Например, моя жена Агата не повторяла ничего из того, что уже делала однажды, и жили так, как если бы двадцать седьмое наступило в точном соответствии с календарными сроками. Для нее именно так дело и обстояло. Нищенку же я уже во второй и, возможно, не последний раз вижу в одном и том же положении посреди церковного дворика. Другой вопрос, сознает ли она, что с ней происходит это повторение. Если да, то почему задействована именно она, нищенка, с которой я не знаком и по-настоящему никак не связан? Если нет, то что может символизировать для меня ее стояние на посту в определенное время и в определенном месте? А если она что-то и впрямь символизирует, живой ли она в таком случае человек?

Занятый этими мыслями, я катил в автобусе к городку, откуда мне предстояло пешком добираться до дядиной деревни. Но в пути произошла непредвиденная заминка. В городок мы прибыли только утром, ибо автобус сломался и мы всю ночь простояли на глухом участке дороги в лесу.

Город был милый. Необыкновенно свежий воздух окутал меня на мосту, неуклюже перекинутом через широкую ленту реки, я привольно дышал на узких, кривых, горбатых улочках, между церквушками, в иных случаях сохранивших вполне пристойный облик. Что-то массово-культурное, почти курортное читалось в причудливых очертаниях каменных домиков на главной улице, где сбились в кучу лавки, магазины, рестораны, гостиницы, помещался даже, в смешном здании стиля модерн, театр, перед которым на щитах красовались объемистые фотографии полуголых актрис.

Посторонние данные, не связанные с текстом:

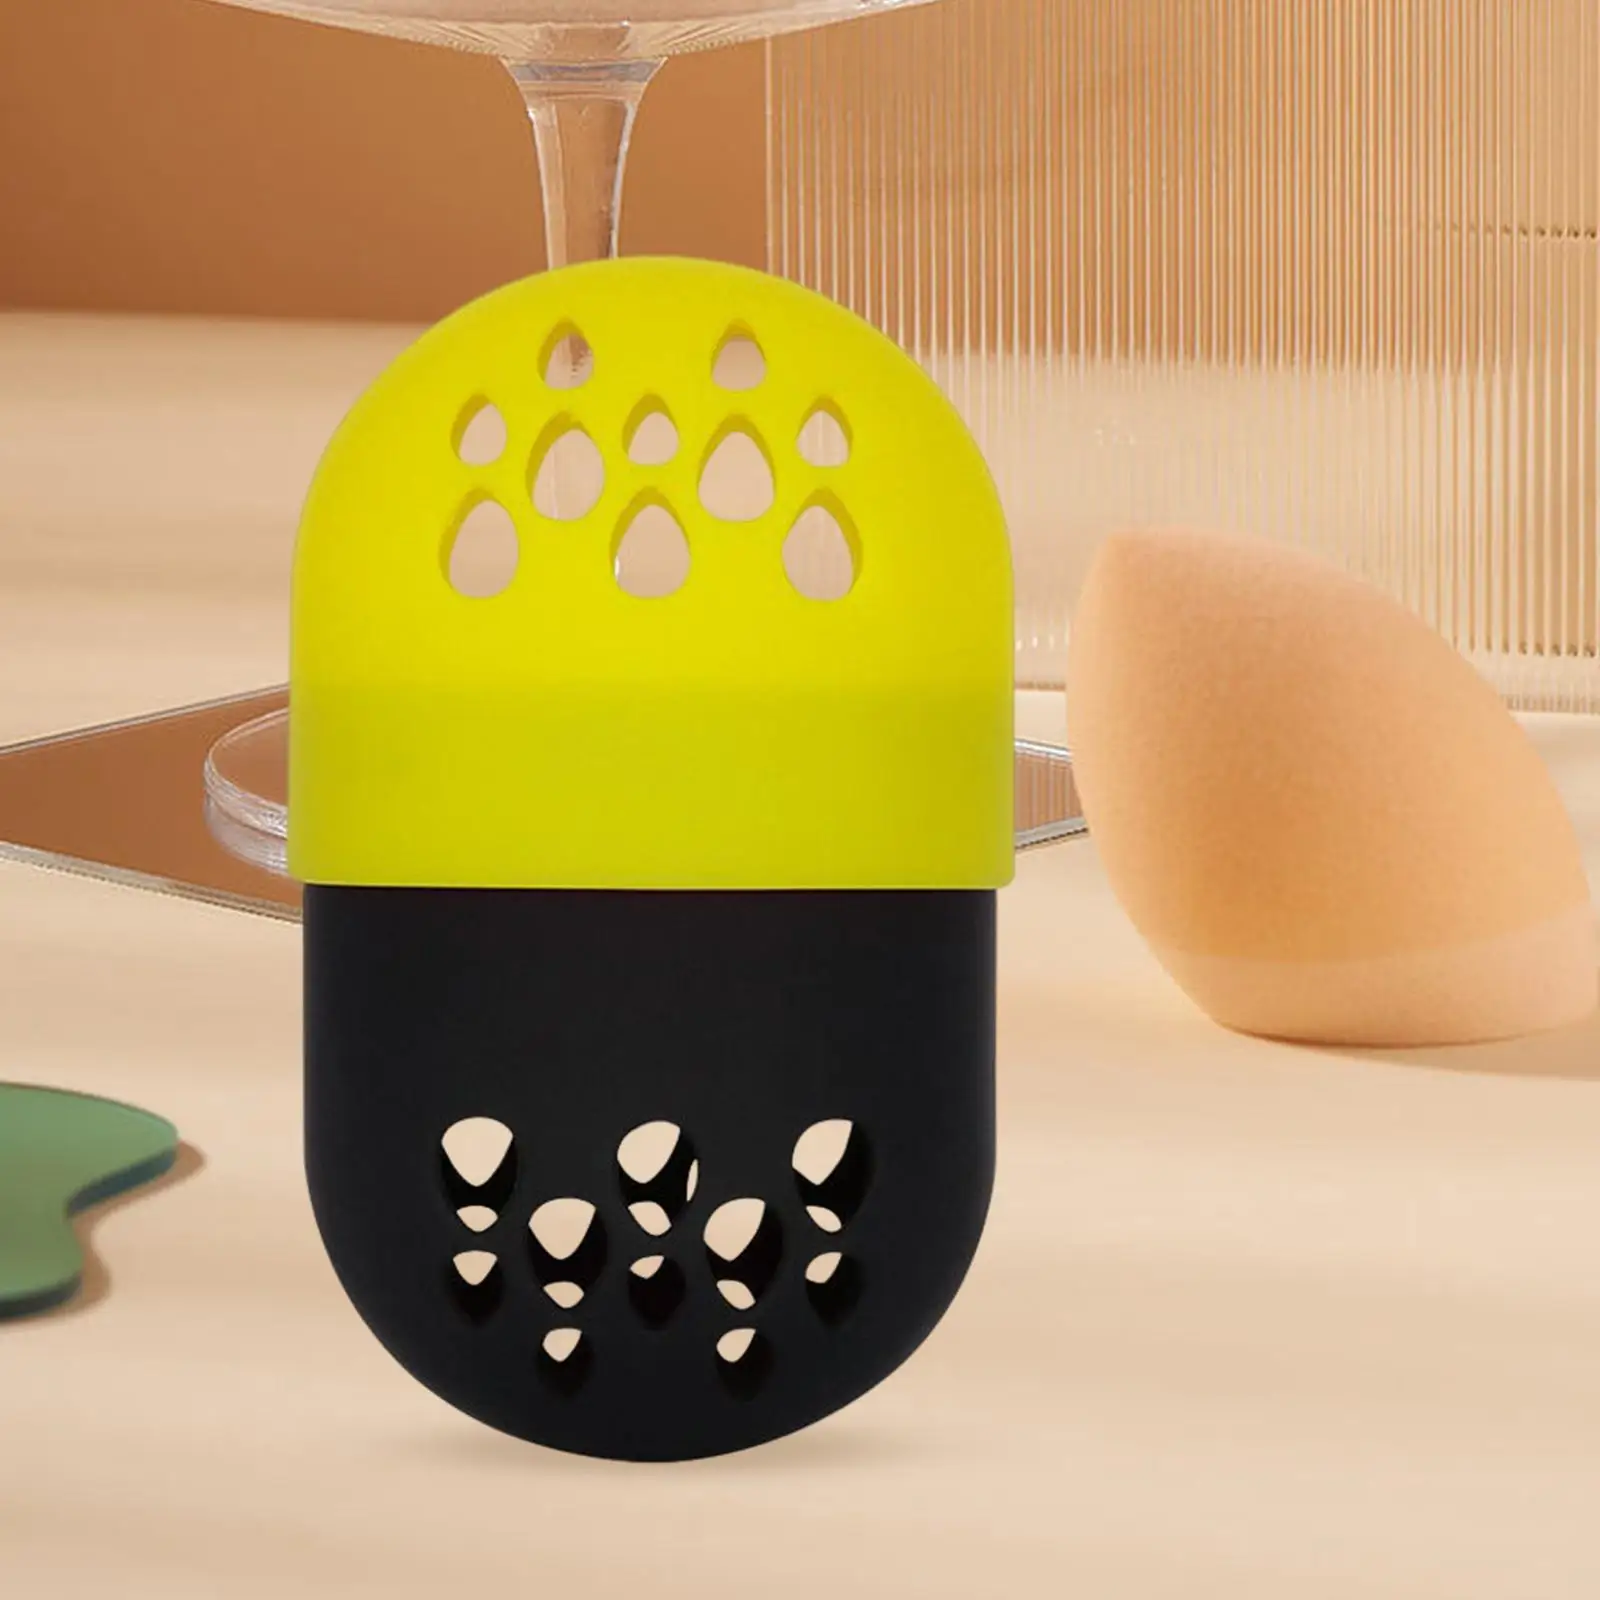 Portable Travel Makeup Sponge Holder Shatterproof Dustproof Silicone Make up Egg Storage Box Beauty Sponge Carrying Case

Я проголодался, но ресторан был мне не по карману, а кафе попроще не подворачивалось. Спросить же было не у кого, улицы городка была абсолютно пусты. И это в прелестное летнее утро. Возникнув, фигурка одинокого прохожего тотчас исчезала в переулках и за домами, таяла в огородах и просто растворялась в воздухе, как только я проявлял намерение обратиться с вопросом. Я внезапно опалился жаром некой тайны, какого-то даже затаенного обмана. Возможно, я все еще продолжал жить в пределах двадцать седьмого числа и никто не хотел жить там вместе со мной.

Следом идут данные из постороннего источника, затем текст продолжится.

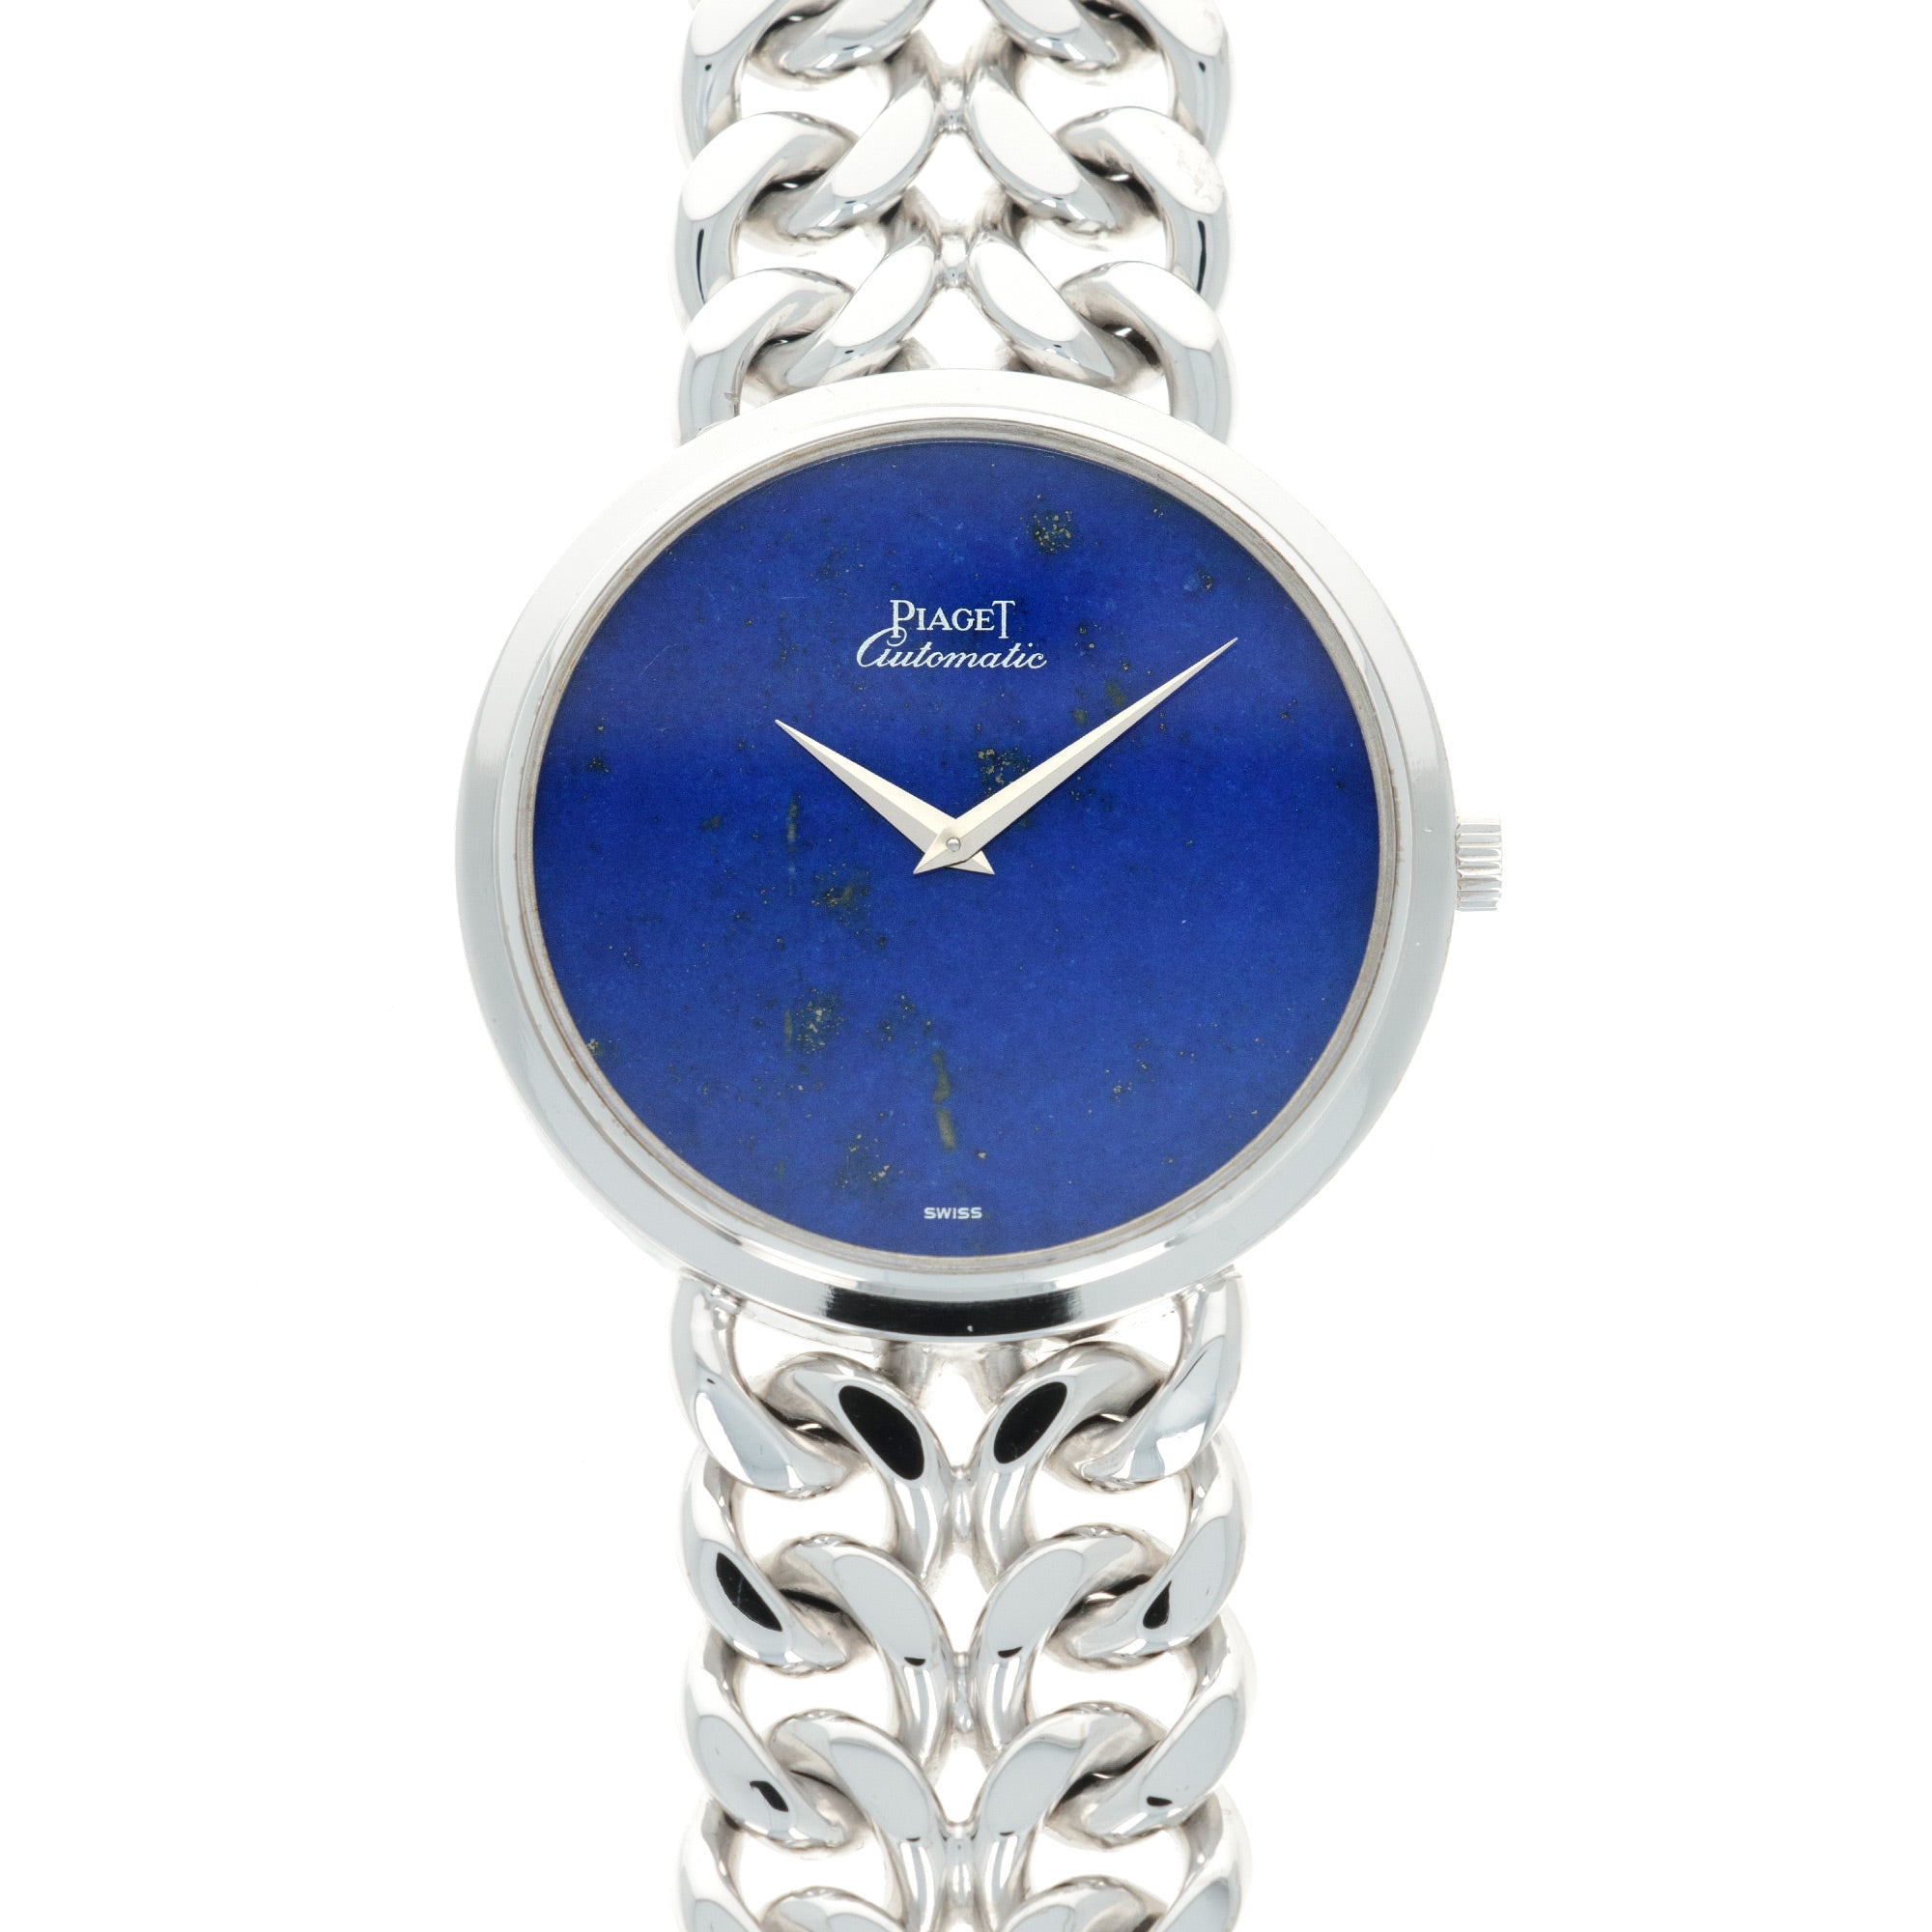 Piaget - Piaget White Gold Lapis Link Bracelet Watch - The Keystone Watches

Наконец я различил шевеление живого существа за пыльной витриной цветочной лавки и вошел в нее. Продавец, стоявший за прилавком, бросил на меня испытующий взгляд. Это был огромный, неприятно заросший волосами, матерый цветочник. Он обливался потом, хотя утро было, на мой взгляд, прохладное. Я спросил дорогу к ближайшей закусочной, но он лишь равнодушно пожал плечами, отрицательно покачал головой. Разумеется, он мне солгал, ибо будучи местным жителем, не мог не знать всех здешних закусочных. Я уже двинулся к выходу, но голос цветочника, низкий и рокочущий, как морской прибой, остановил меня.

- Почему бы вам не купить цветы? - спросил он.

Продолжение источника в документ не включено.